By Fry, James D. | Stanford Journal of International Law, Summer 2008 | Go to article overview

Arbitrating Arms Control Disputes


Fry, James D., Stanford Journal of International Law


 
TABLE OF CONTENTS 
 
  I. INTRODUCTION 
 
 II. THE HISTORY OF INTERNATIONAL ARBITRATION AND ARMS CONTROL 
     A. Arbitration of Military-Related Disputes 
        1. Definitions 
        2. Military-Related Arbitrations from Ancient Times to Today 
     B. The Link between Arbitration and Arms Control 
 
III. ARBITRATION CLAUSES IN ARMS CONTROL AGREEMENTS 
     A. Direct Consent to Arbitration 
        1. IAEA Safeguards Agreements 
           a. The Standard Language 
           b. Variations of the Standard Language 
           c. Genuine Arbitration Clauses 
        3. Convention on the Physical Protection of Nuclear Material 
B. Indirect Consent to Arbitration 
        1. Indirect Consent 
        2. Treaties with Indirect Consent to Arbitration 
           a. Chemical Weapons Convention 
           b. Comprehensive Test Ban Treaty 
           c. Treaty of Tlatelolco 
           d. Ottawa Landmine Convention 
           e. Treaty of Pelindaba 
        3. Consent as the Fundamental Element of Public 
           Arbitration Agreements 
 
 IV. THE BENEFITS FROM SUBMITTING ARMS CONTROL DISPUTES TO 
ARBITRATION 
     A. The Security Council's Ability to Impose the Terms of Settlement 
     B. The Need for the Security Council to Respect Treaties 
        1. U.N. Charter Obligations to Respect Treaties 
        2. Security Council Extra-Treaty Enforcement and the Resulting 
           Problems 
     C. The Due Process Advantages of Arbitration over Security Council 
        Resolution 
     D. Removing the Threat to International Peace and Security 
     E. Response to Potential Fears 
 
  V. CONCLUSION 

I. INTRODUCTION

Over two centuries ago, Benjamin Franklin lamented, "When will mankind be convinced and agree to settle their difficulties by arbitration?" (1) Today, the merits of international arbitration are well known, at least in the commercial and investment realm, (2) so much so that Henry Campbell-Bannerman's wish might be more appropriate for the times: "Gentlemen, I fervently trust that before long the principle of arbitration may win such confidence as to justify its extension to a wider field of international differences." (3) It is debatable whether the time has arrived for arbitration to expand into such sensitive fields as arms control. Although commentators see states as tending not to want to submit politically sensitive disputes to arbitration on account of their importance to national security, (4) in fact arbitration has been used since ancient times to resolve sensitive military-related disputes and conceivably could be applied to arms control disputes notwithstanding their sensitivity. Many dispute settlement provisions in arms control agreements provide for the possibility of arbitration, though they ostensibly have not been used. This includes at least 78 IAEA Safeguards Agreements and six multilateral arms control treaties. Given that several current arms control disputes seem to have reached at least a temporary impasse (namely, those arising from Iran's and North Korea's nuclear ambitions), the stage might be set for arbitration to make its grand entry in this field.

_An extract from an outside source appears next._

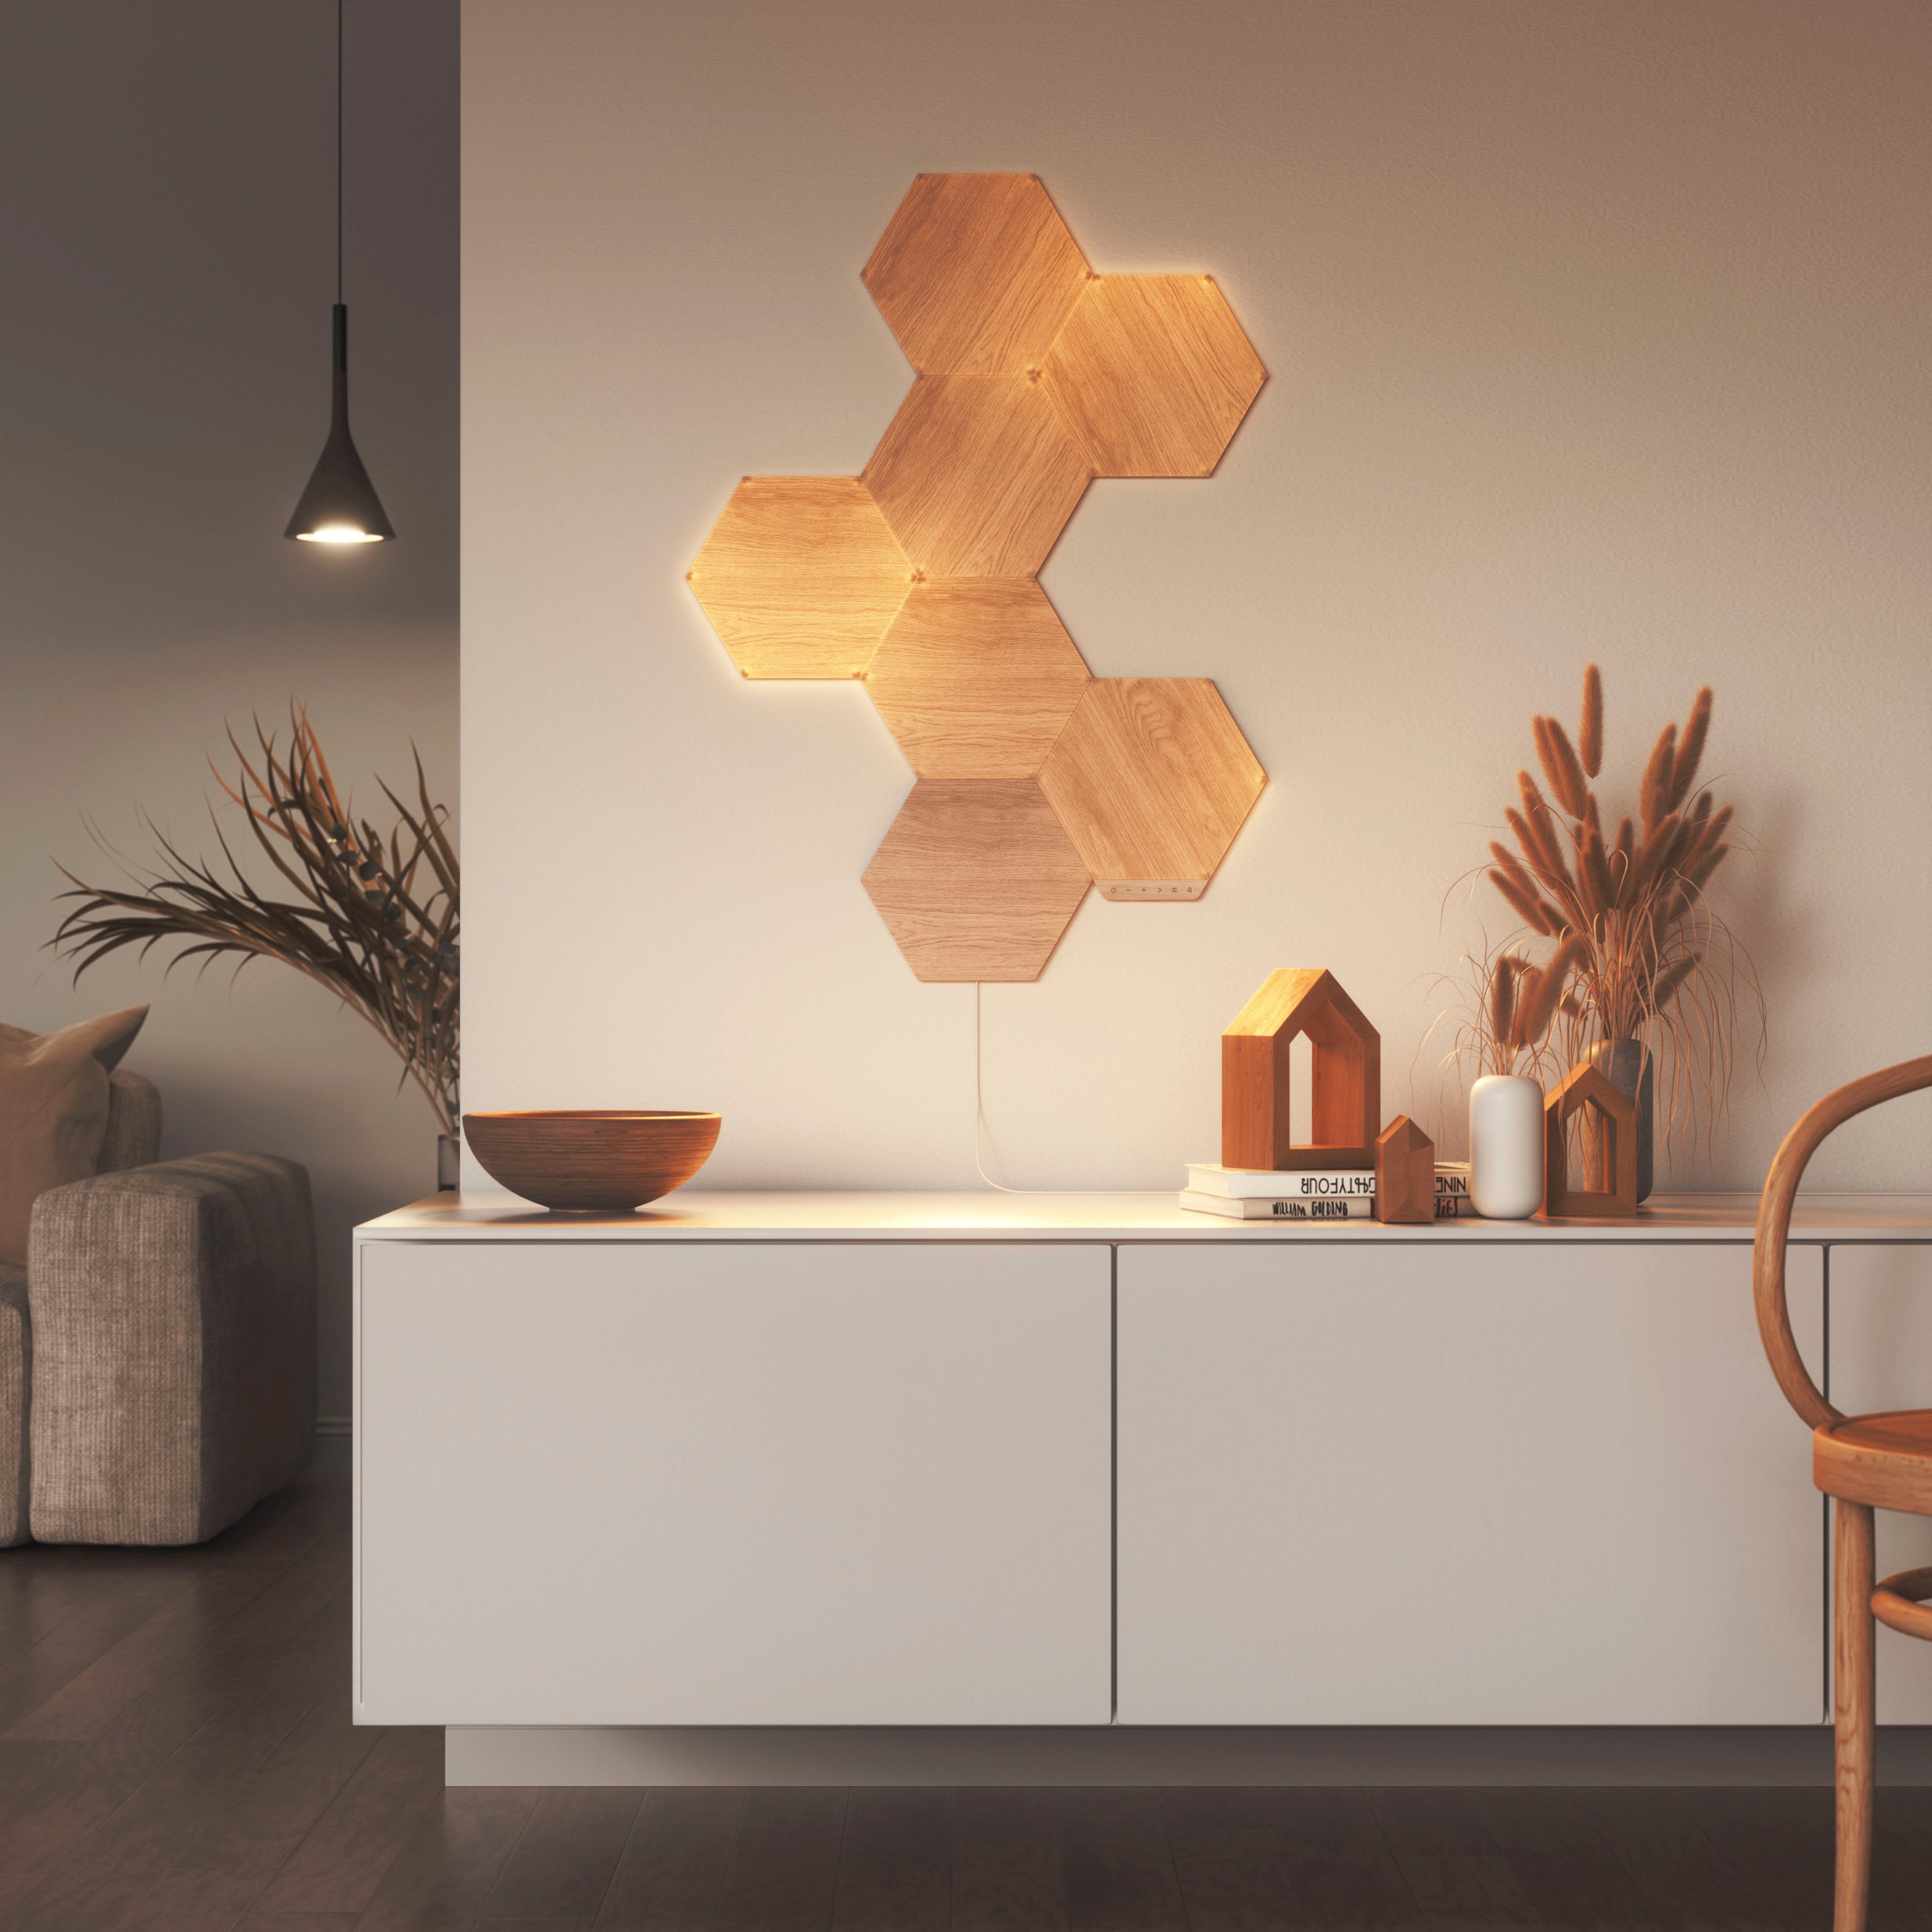 Nanoleaf Elements Hexagons (7 Kit Buy Best Smarter Look - Wood Panels) NL52-K-7003HB-7PK
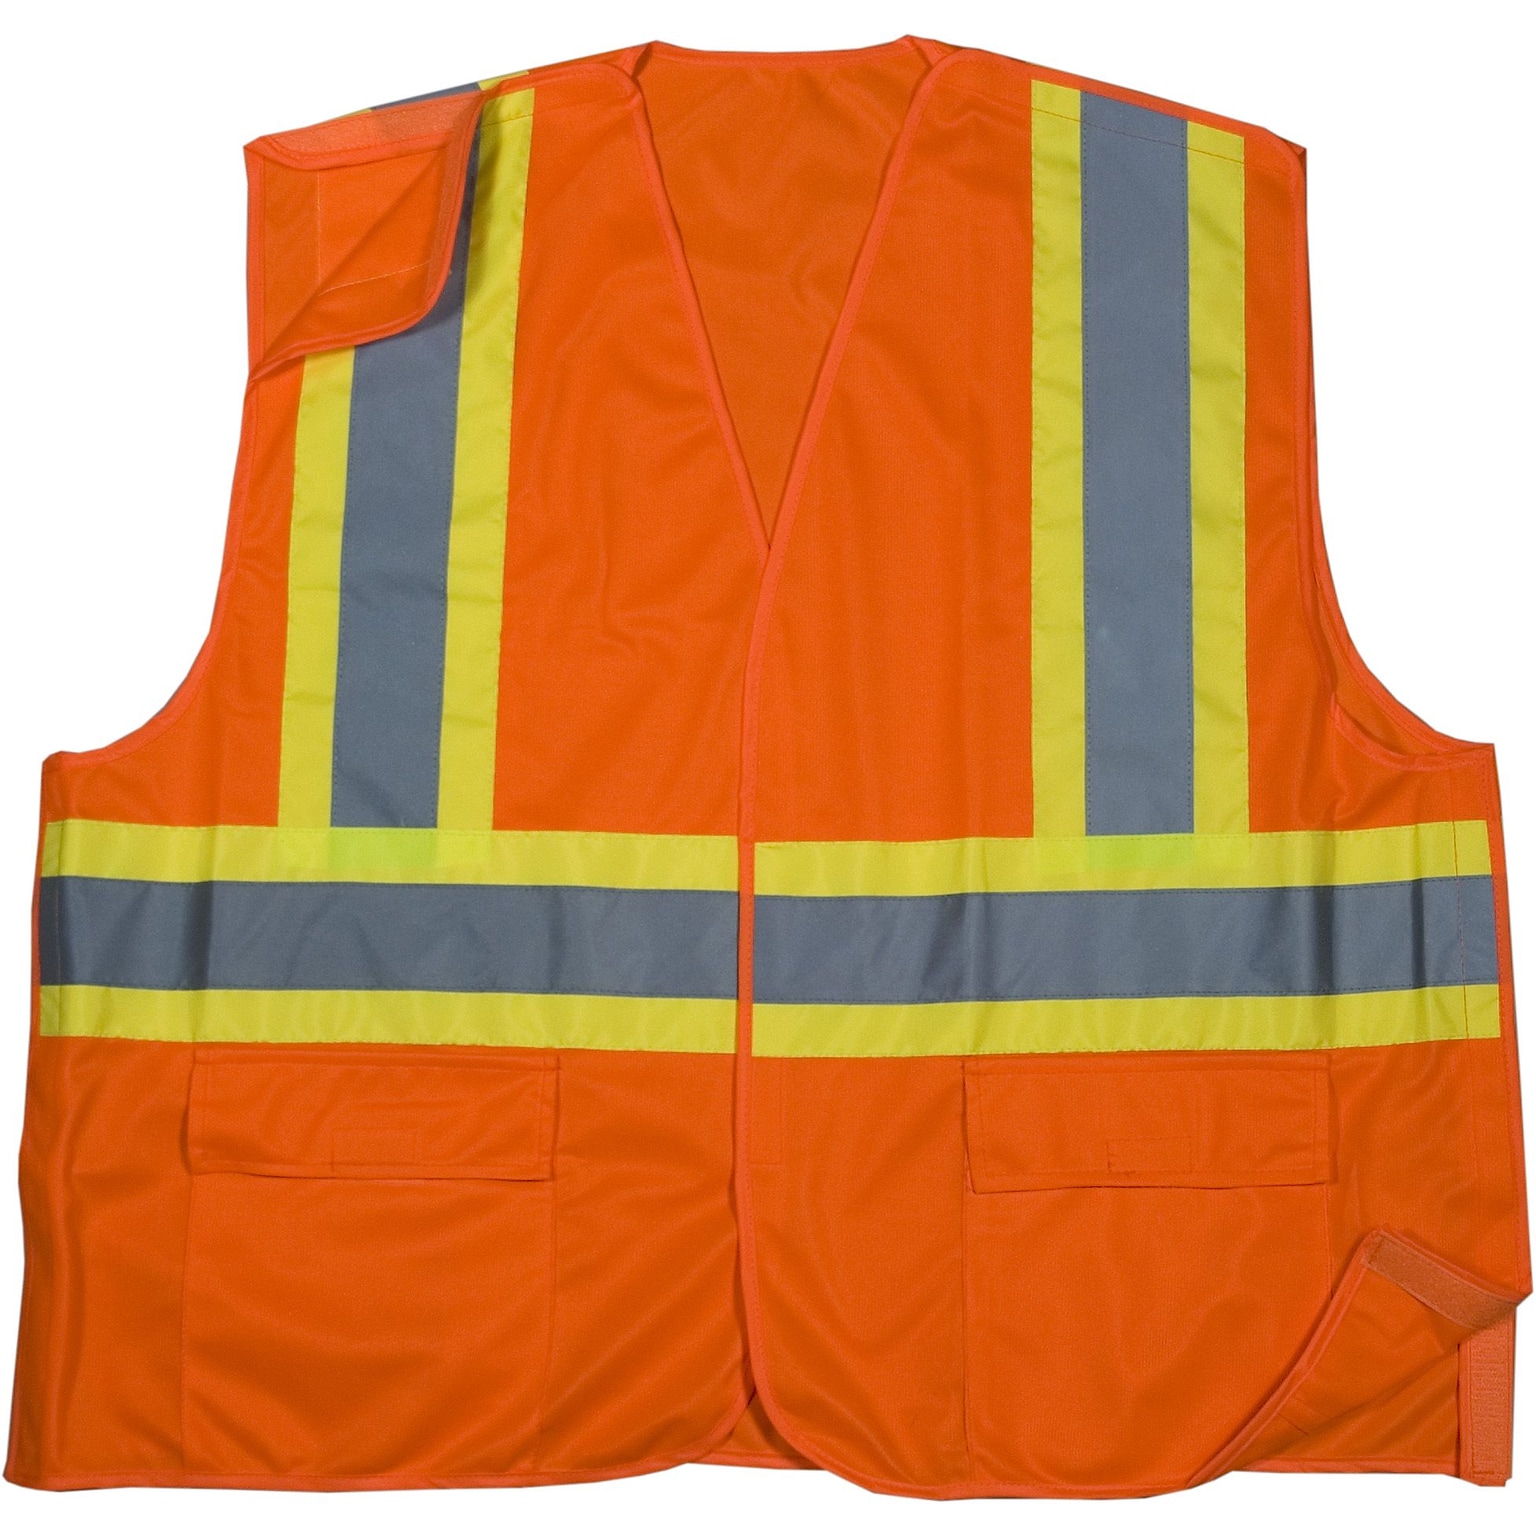 Mutual Industries MiViz High Visibility Sleeveless Safety Vest, ANSI Class R3, Orange, X-Large (16389-0-4)

Disputes over compliance with arms control agreements are inevitable. (5) Relying on arbitration to resolve such disputes might be a viable option that states and the international community should consider in trying to maintain international peace and security. On the one hand, states such as Iran and North Korea might find it beneficial to invoke the arbitration clauses found in key arms control agreements vis-a-vis letting the international community, via its main agent the Security Council, dictate how they must change their actions. (6) At the same time, the international community should consider that the difficulties in the current negotiations with such states as Iran and North Korea arise partly out of shortcomings in the process and are not wholly substantive in nature.